Given that all three of these samples contain high levels of sequence duplicates, I was curious to see to what degree fastp was able to improve on this metric. To test this, I reran fastp on all three samples, with the --dedup option enabled. I observed the following:

  • Runtimes were consistently very slightly longer than without deduplication.

  • The number of successful output reads declined from 11.21M to 9.29M for the Rothman sample, from 47.47M to 31.47M, and from 15.25M to 11.03M for the Johnson sample.

  • Relative to the raw data, and using the default FASTQC settings, the predicted fraction of reads surviving deduplication rose from 26% to 29% for the Rothman sample, from 45% to 64% for the Crits-Cristoph sample, and from 26% to 32% for the Johnson sample, following fastp deduplication. That is to say, by this metric, deduplication was mildly but not very effective.

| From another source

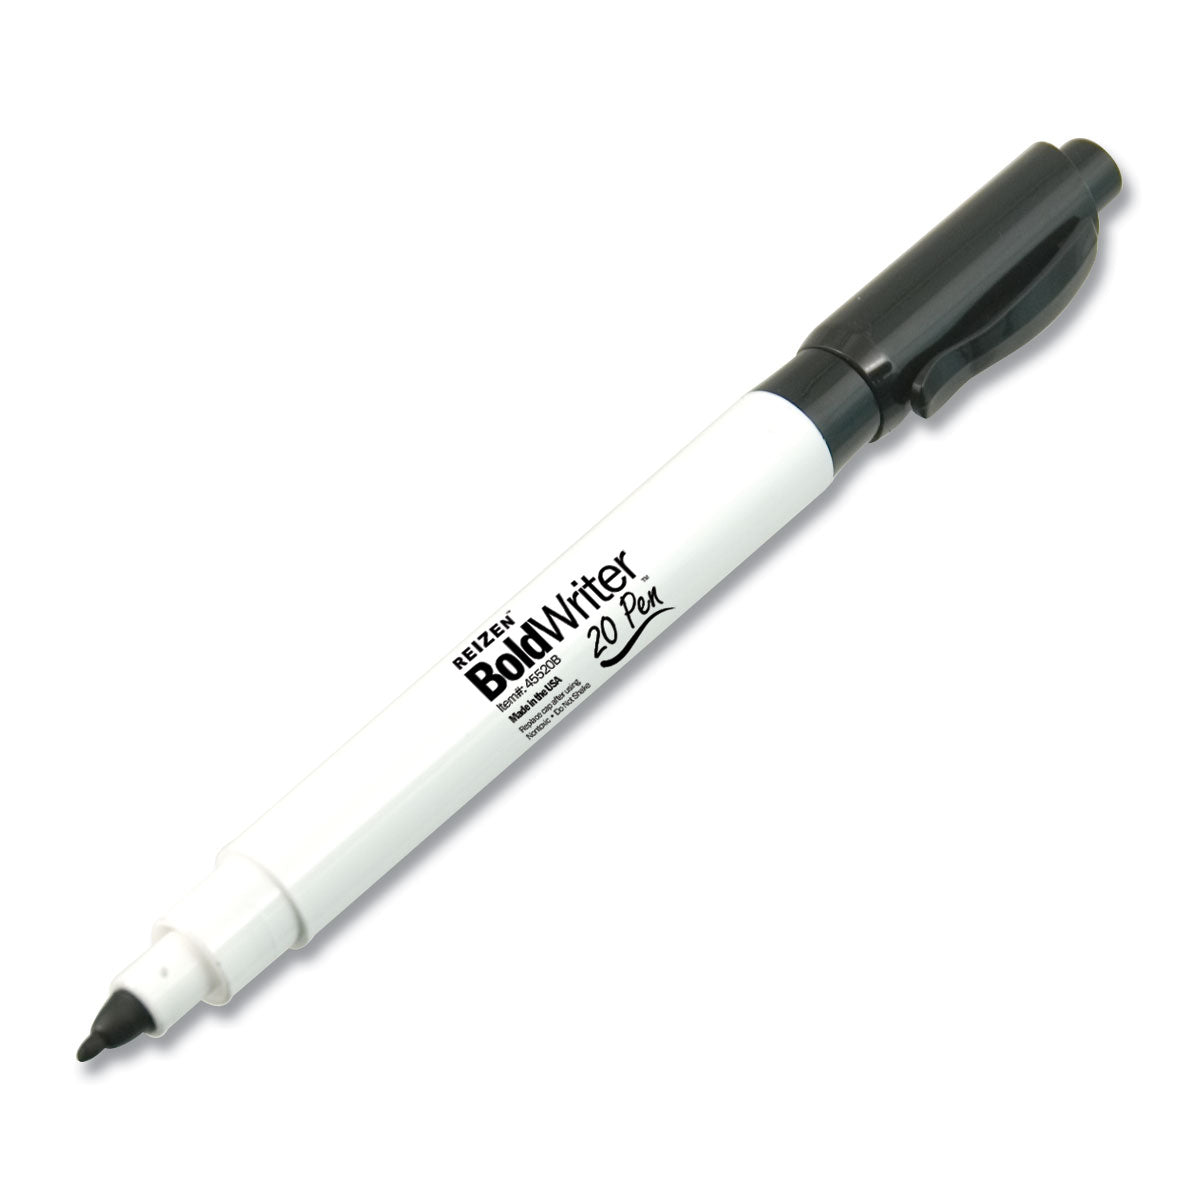 A bold writer pen with the tip exposed and ready to write down your wants and desires
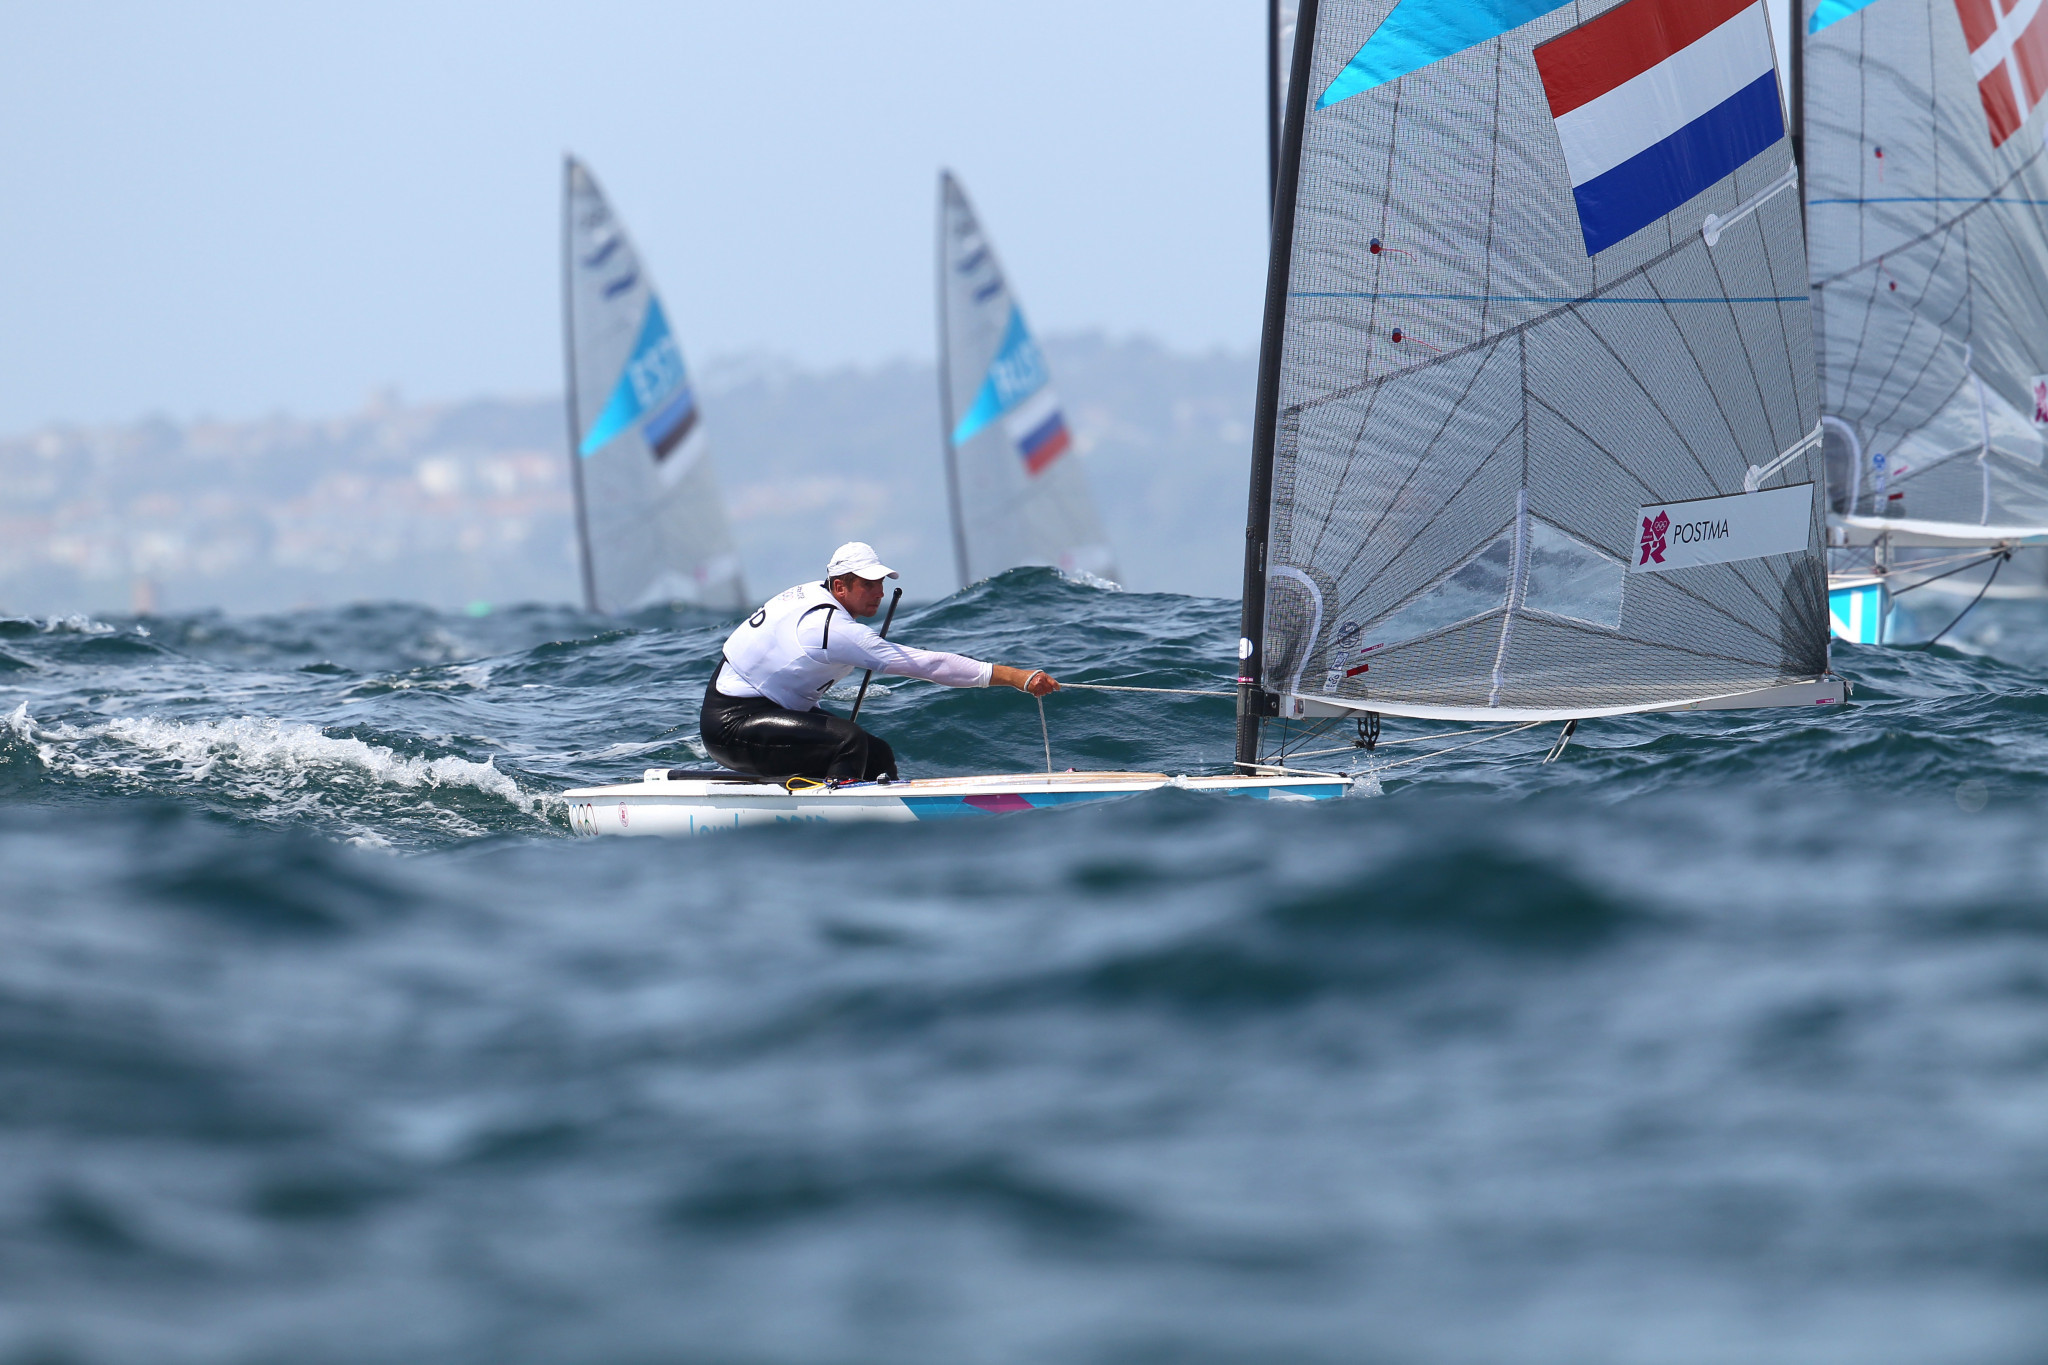 Olympian Postma takes early lead on first day of sailing at Finn Gold Cup

  • This relative lack of efficacy may simply be because FASTP identifies duplicates as read pairs that are entirely identical in sequence, while FASTQC only looks at the first 50 base pairs of each read in isolation.

  • I think I need to learn more about read duplicates and deduplication before I have strong takeaways here.

Conclusions

Taken together, I think these data make a decent case for using FASTP, rather than AdapterRemoval, for pre-processing and adapter trimming.

  • FASTP is much faster than AdapterRemoval.

  • For those samples with high adapter content, FASTP appeared more effective than AdapterRemoval at removing adapters, at least for those adapter sequences that could be detected by FASTQC.

  • FASTP appears to be more aggressive at quality trimming reads than AdapterRemoval, resulting in better read quality distributions in FASTQC.

  • FASTP provides substantially more functionality than AdapterRemoval, making it easier for us to add additional preprocessing steps like read filtering and (some) deduplication down the line.

However, one important caveat is that it’s unclear how well either tool will perform on Element sequencing data – or how well FASTQC will be able to detect Element adapters that remain after preprocessing.